End-to-end tutorials covering the LLM customization lifecycle using NeMo AutoModel.
| Tutorial | Dataset | Description | Launch on Brev |
|---|---|---|---|
| Domain Adaptive Pre-Training (DAPT) | Domain-specific text corpus | Continued pre-training of a foundation model on domain data to improve in-domain performance (inspired by ChipNeMo). | 🚧 |
| Supervised Fine-Tuning (SFT) | SQuAD | Full-parameter SFT to adapt a pre-trained model to follow instructions. | 🚧 |
| Parameter-Efficient Fine-Tuning (PEFT) | SQuAD | Memory-efficient LoRA fine-tuning for task adaptation. | 🚧 |
| Evaluation | Standard benchmarks (MMLU, HellaSwag, IFEval, etc.) | Evaluate AutoModel checkpoints with lm-evaluation-harness. | 🚧 |
| Reasoning SFT | Reasoning instruction data (OpenAI chat format) | Fine-tune a model to selectively enable chain-of-thought reasoning via system prompt control. | 🚧 |
| Nemotron Parse Fine-Tuning | Invoices | Fine-tune Nemotron Parse v1.1 for structured document extraction. |
- NeMo AutoModel installed (see the AutoModel README for setup instructions).
- NVIDIA GPU(s) with sufficient memory (specific requirements noted per tutorial).
- Hugging Face account and API token for gated models (e.g., Llama).
These tutorials cover four stages of the LLM customization lifecycle:
Foundation Model ──> DAPT ──> SFT / PEFT ──> Evaluation
|
└──────────> Reasoning SFT ──────────> Evaluation
- DAPT: Inject domain knowledge via continued pre-training.
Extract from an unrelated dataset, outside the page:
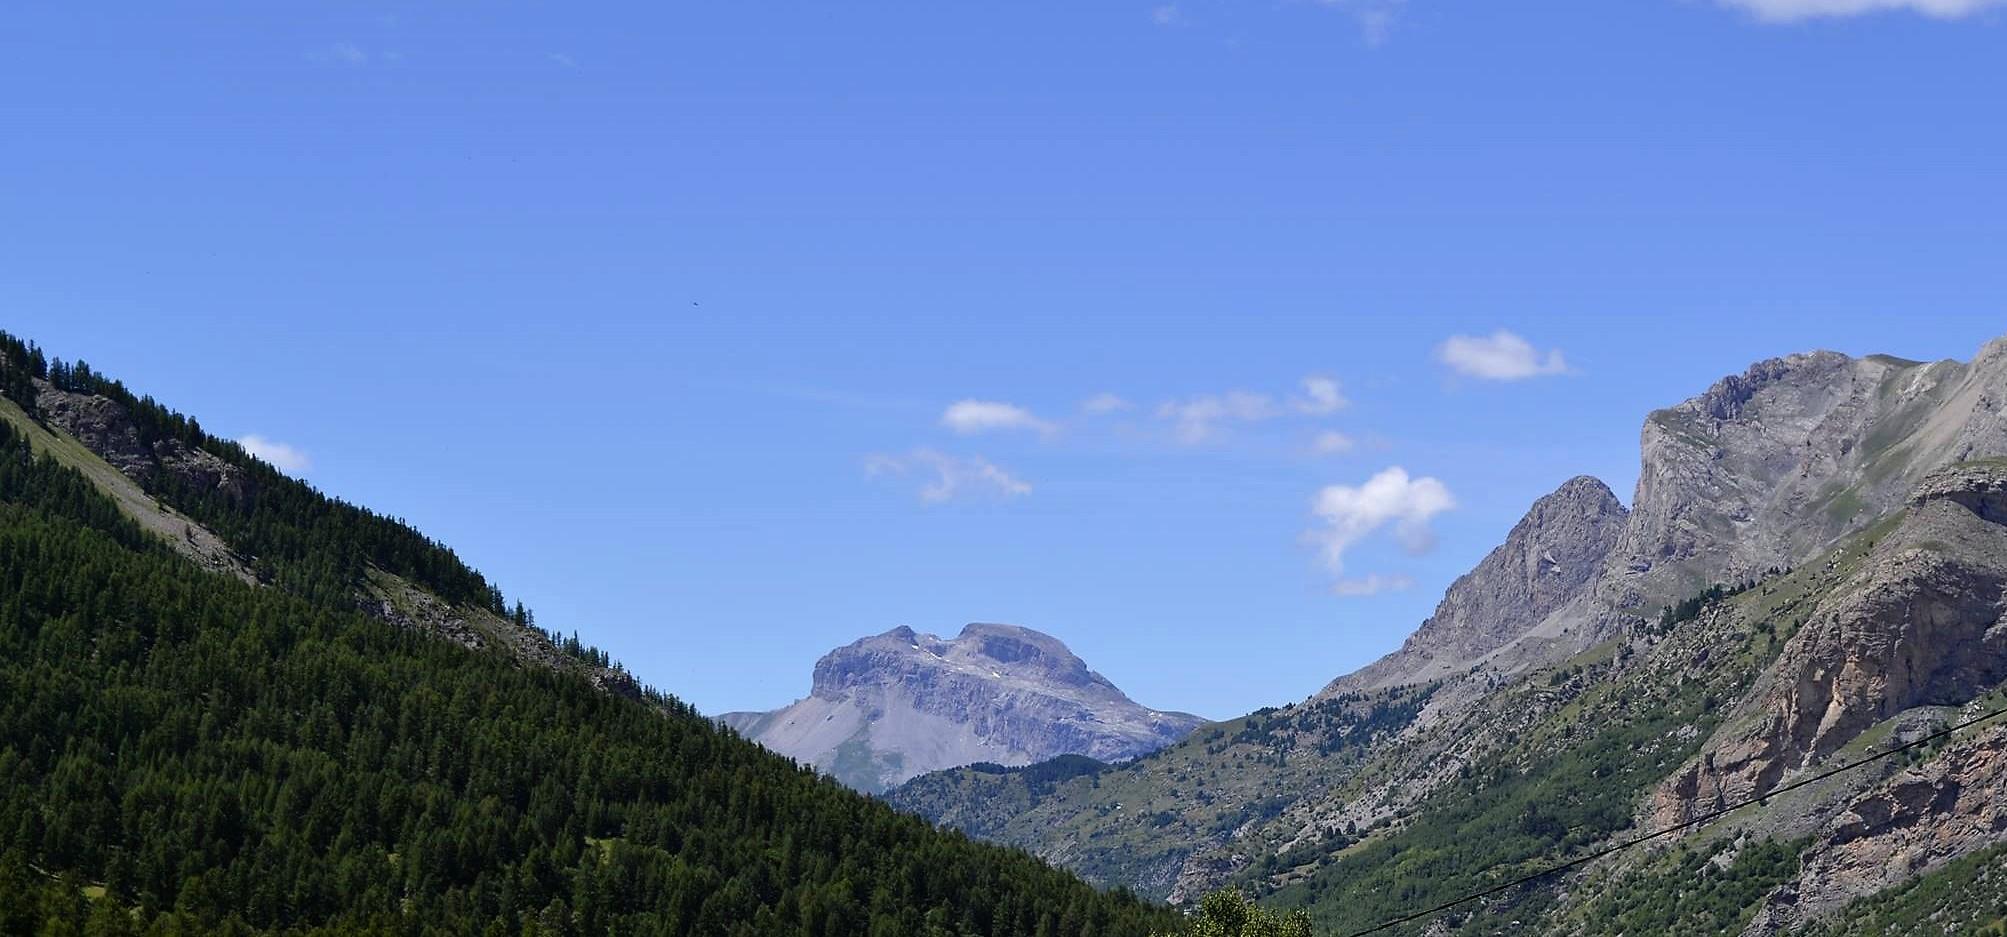 Un guide de montagne vous emmener dans la vallée des Merveilles, un espace préservé.

- SFT / PEFT: Teach the model to follow instructions or solve specific tasks.
- Reasoning SFT: Teach the model chain-of-thought reasoning with on/off control.
- Evaluation: Measure quality on standard benchmarks after each stage.
For reinforcement learning from human feedback (RLHF / DPO / PPO), see NeMo-RL.